The data below should be printed in full, exactly, and without any of its images.

* **DATA PROVIDED**:
☆ ☆ ☆
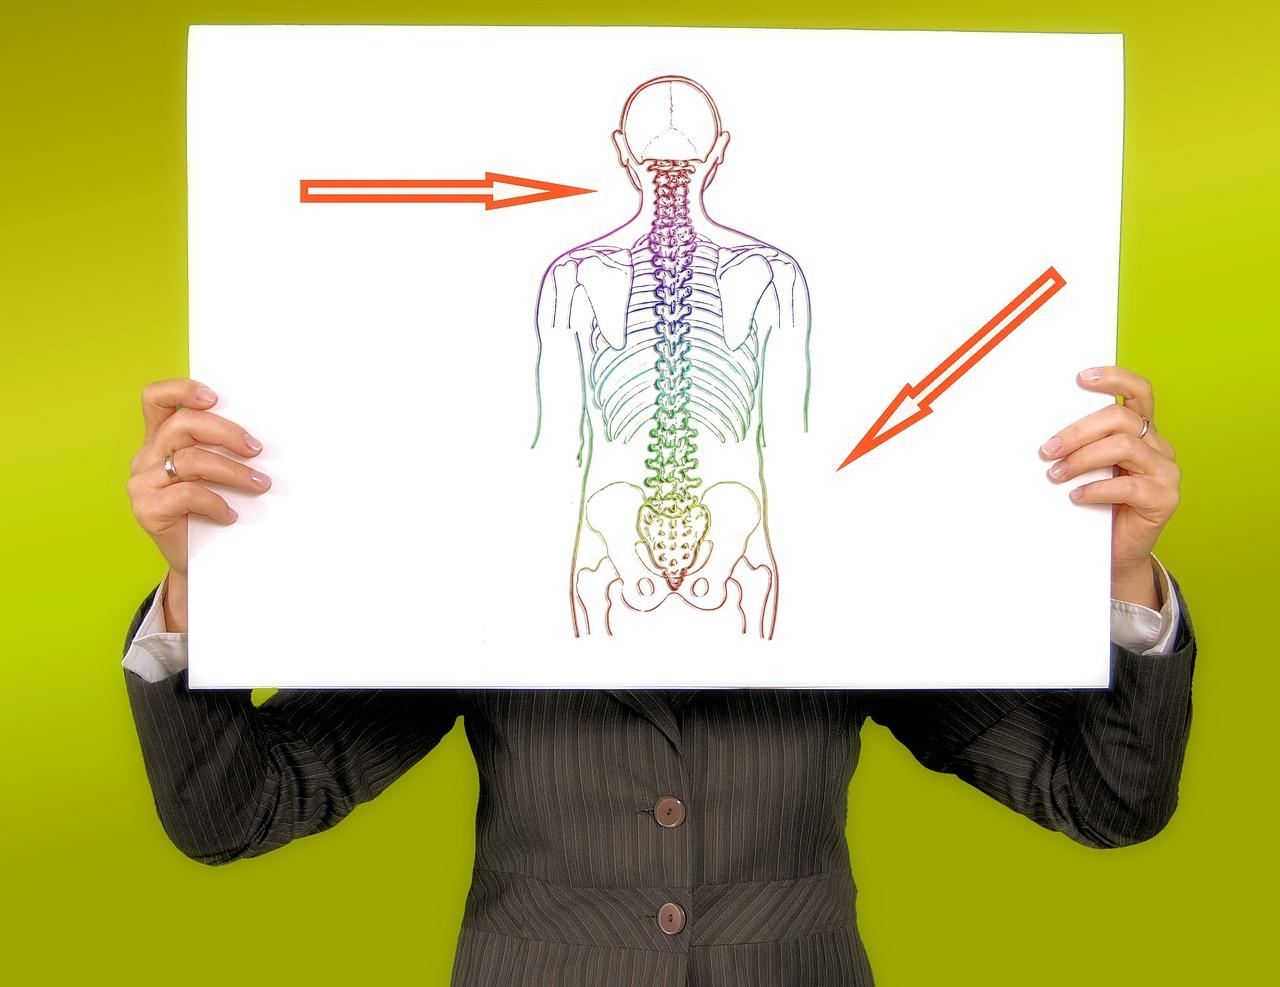 Cisto sinovial na coluna | Causas, Sintomas e Tratamento
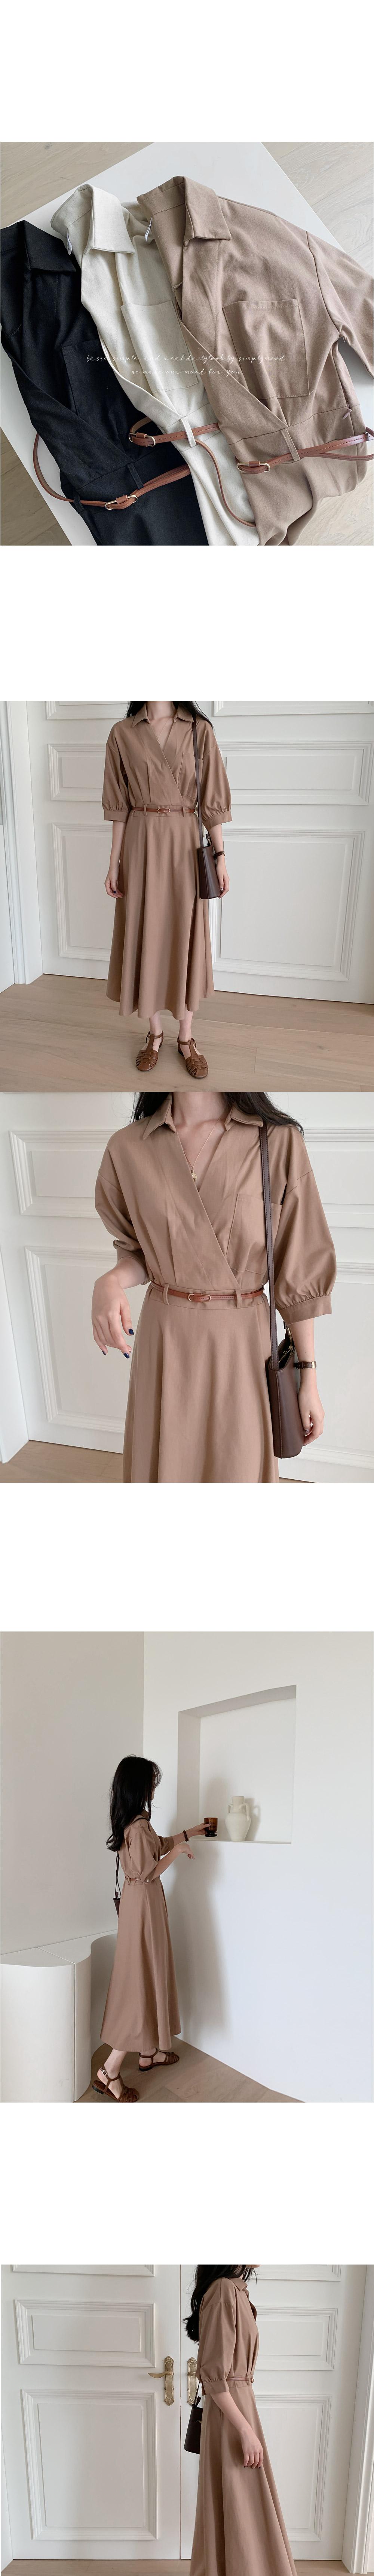 NJ Linen Long Cara Dress
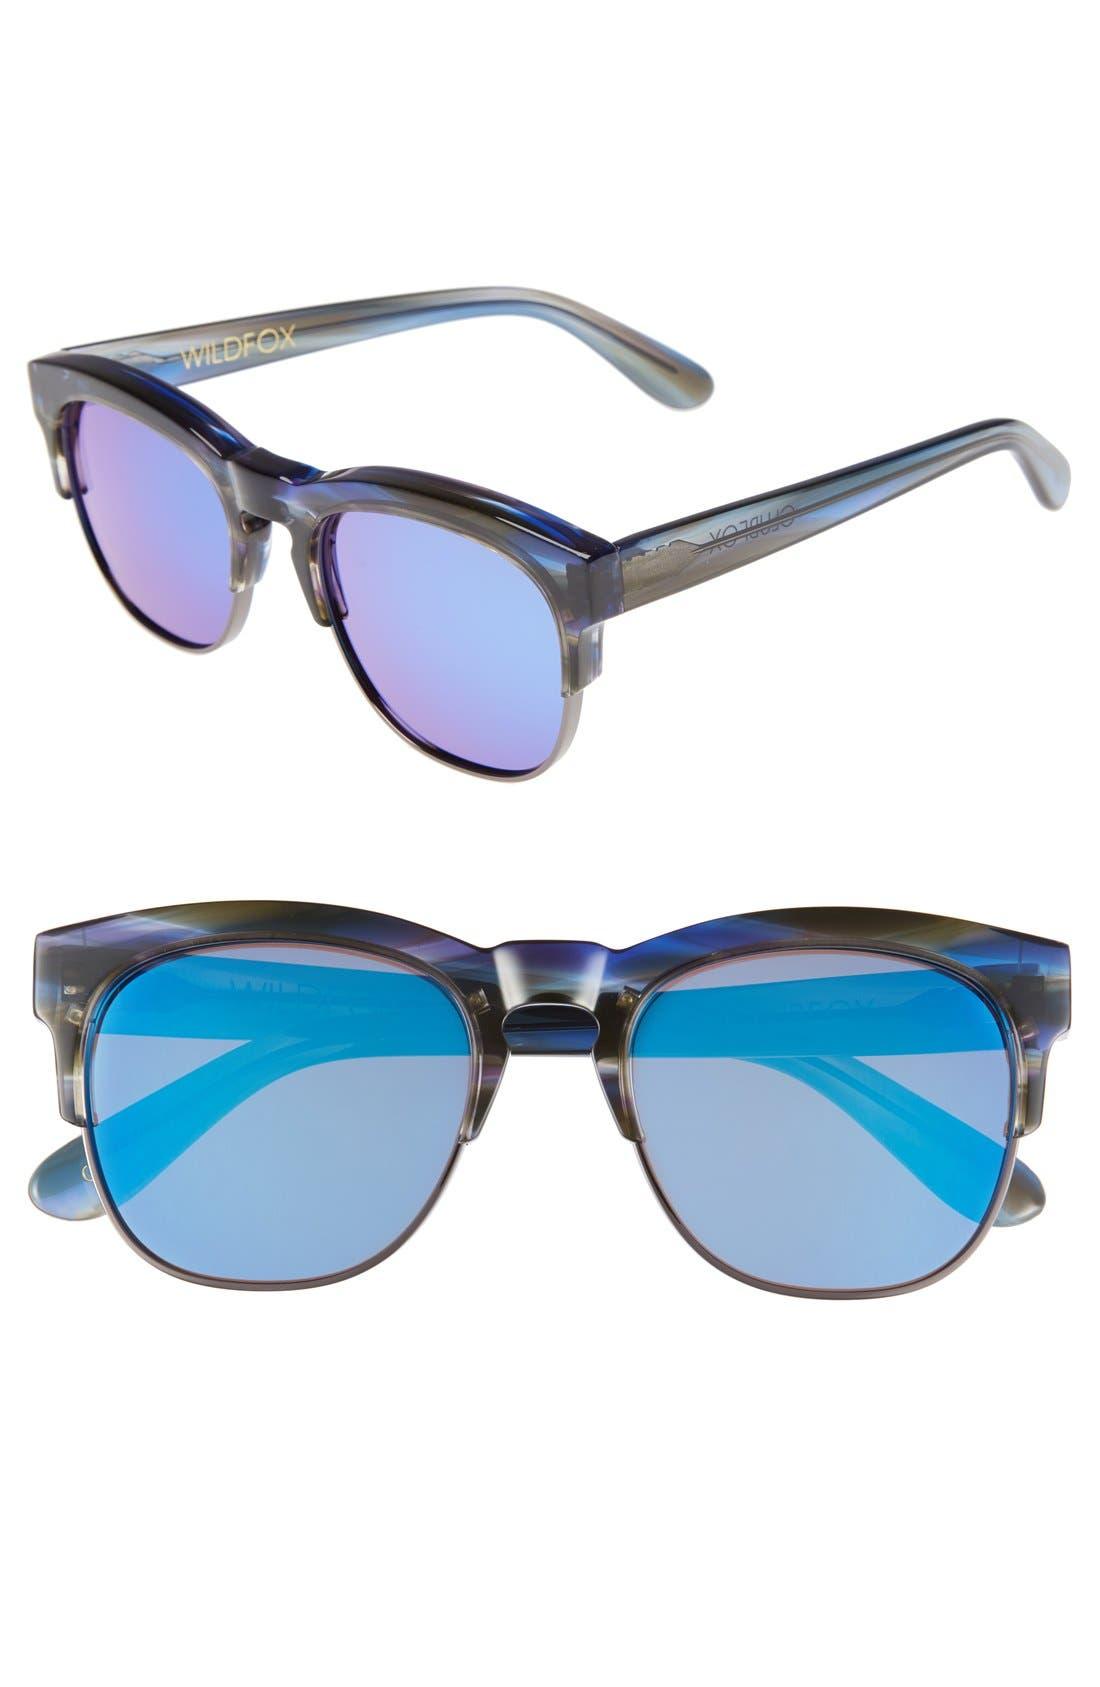 WILDFOX, 'Club Fox Deluxe' 52mm Sunglasses, Main thumbnail 1, color, 020
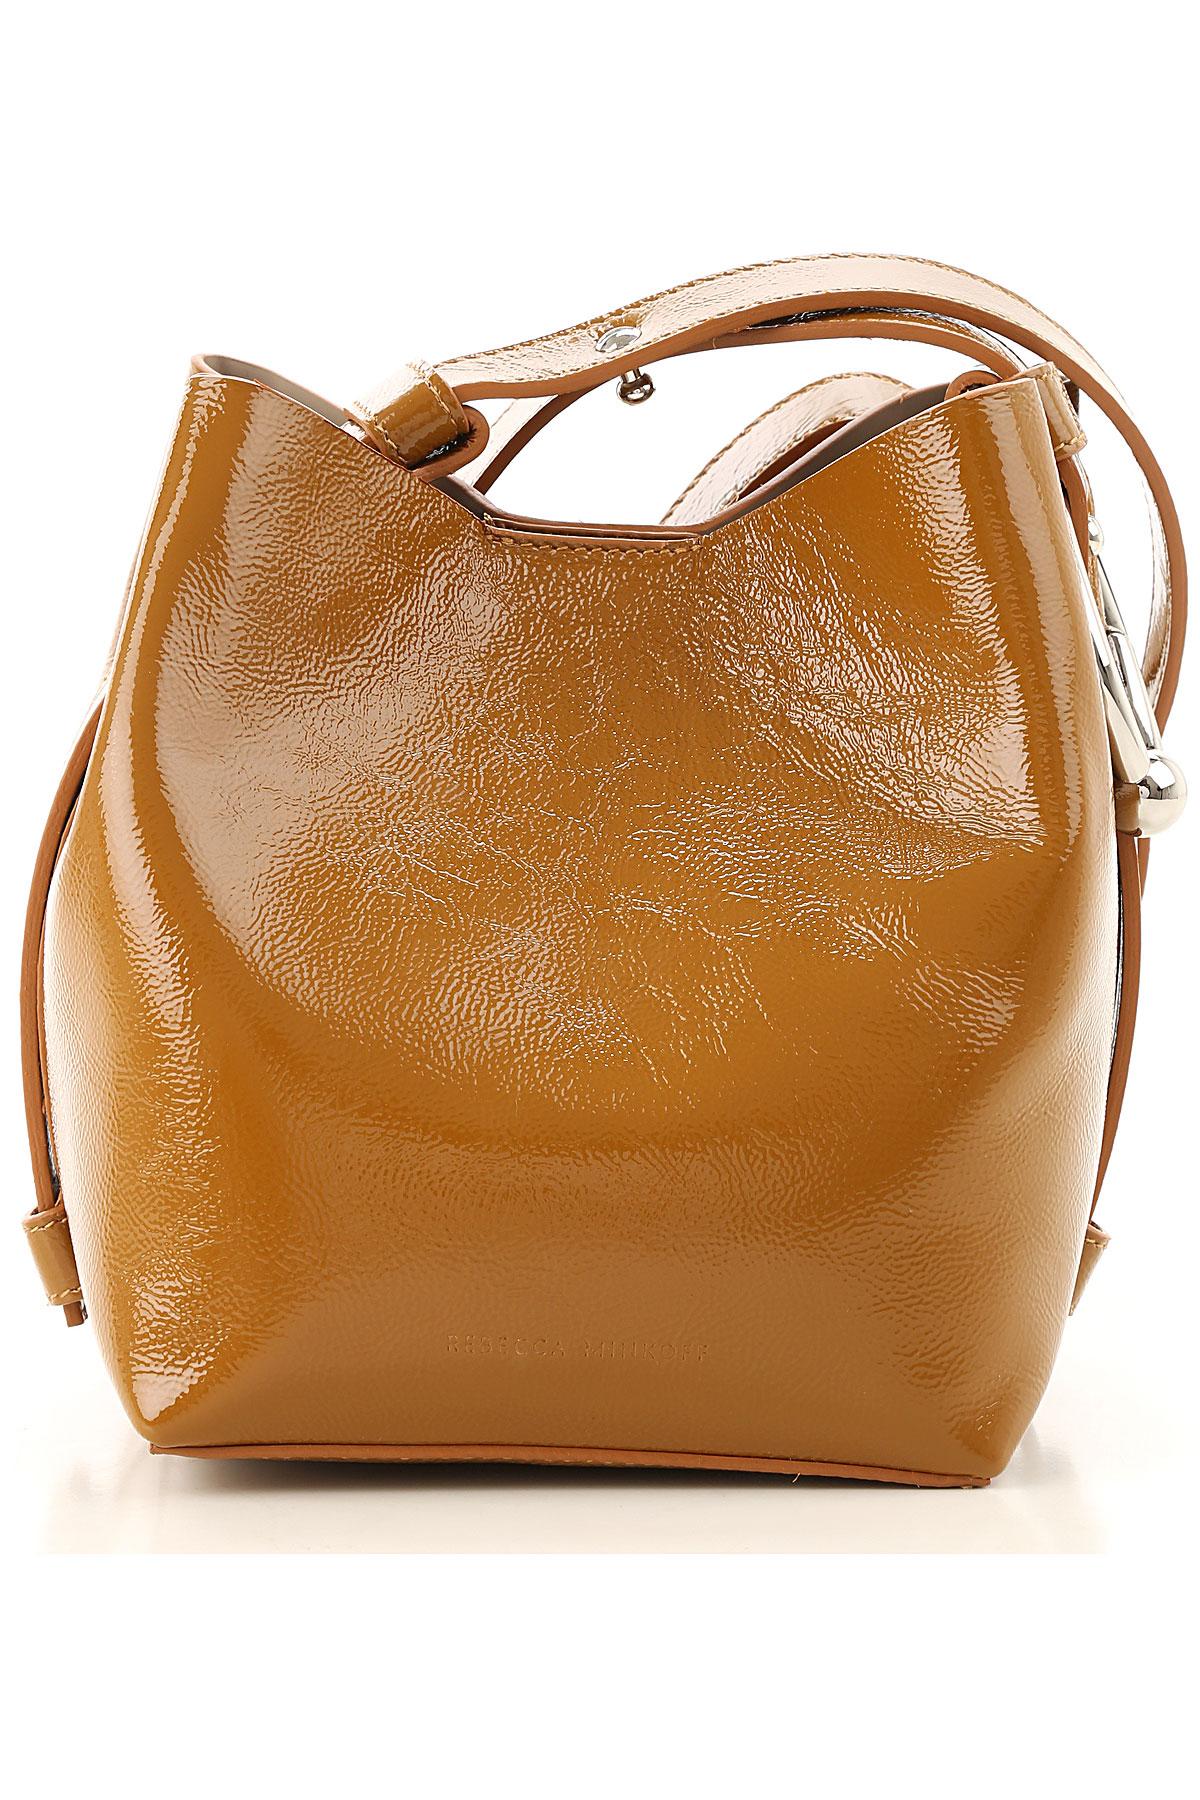 Rebecca Minkoff Shoulder Bag for Women On Sale, Brown, Patent Leather, 2019
☆ ☆ ☆
* **EXERCISE SOLUTION**:
 Cisto sinovial na coluna | Causas, Sintomas e Tratamento
 NJ Linen Long Cara Dress
 WILDFOX, 'Club Fox Deluxe' 52mm Sunglasses, Main thumbnail 1, color, 020
 Rebecca Minkoff Shoulder Bag for Women On Sale, Brown, Patent Leather, 2019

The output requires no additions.